Return only the lines of the listing below that run from the line with "RefectoCil Augenbrauen- und" through the line with "The Art of Fugue, BWV", both ends included, exactly as written.

Input records:
═══
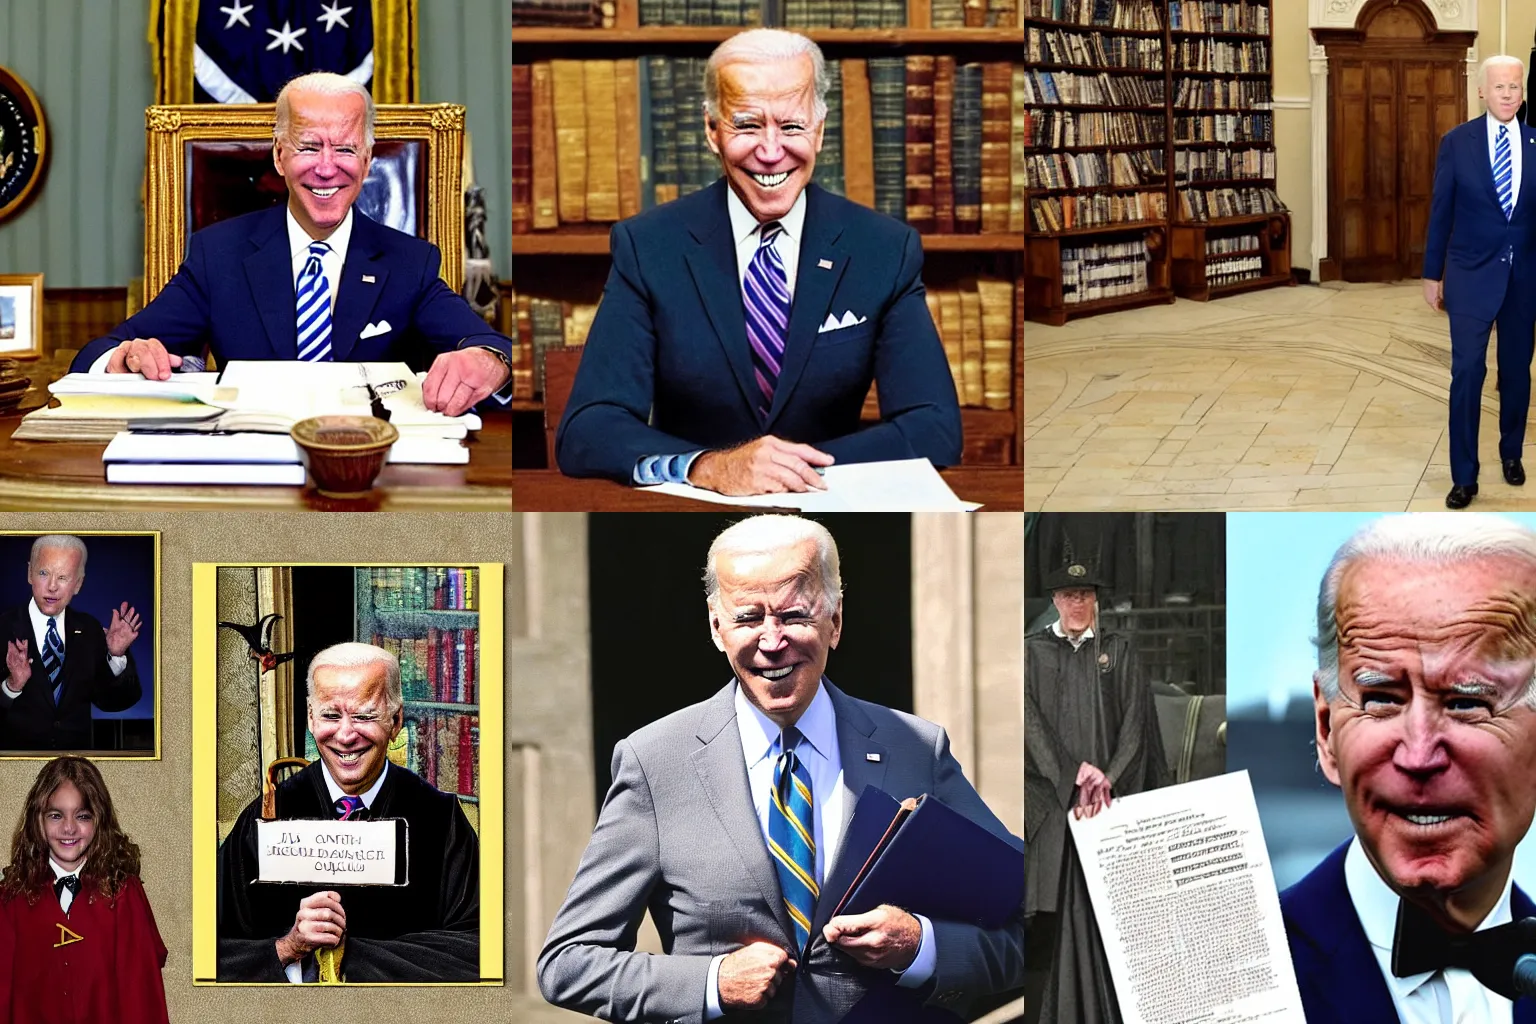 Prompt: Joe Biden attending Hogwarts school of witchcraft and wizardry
═══
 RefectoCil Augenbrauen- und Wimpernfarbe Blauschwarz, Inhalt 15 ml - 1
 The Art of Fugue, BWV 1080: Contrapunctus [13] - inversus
═══
Task output:
 RefectoCil Augenbrauen- und Wimpernfarbe Blauschwarz, Inhalt 15 ml - 1
 The Art of Fugue, BWV 1080: Contrapunctus [13] - inversus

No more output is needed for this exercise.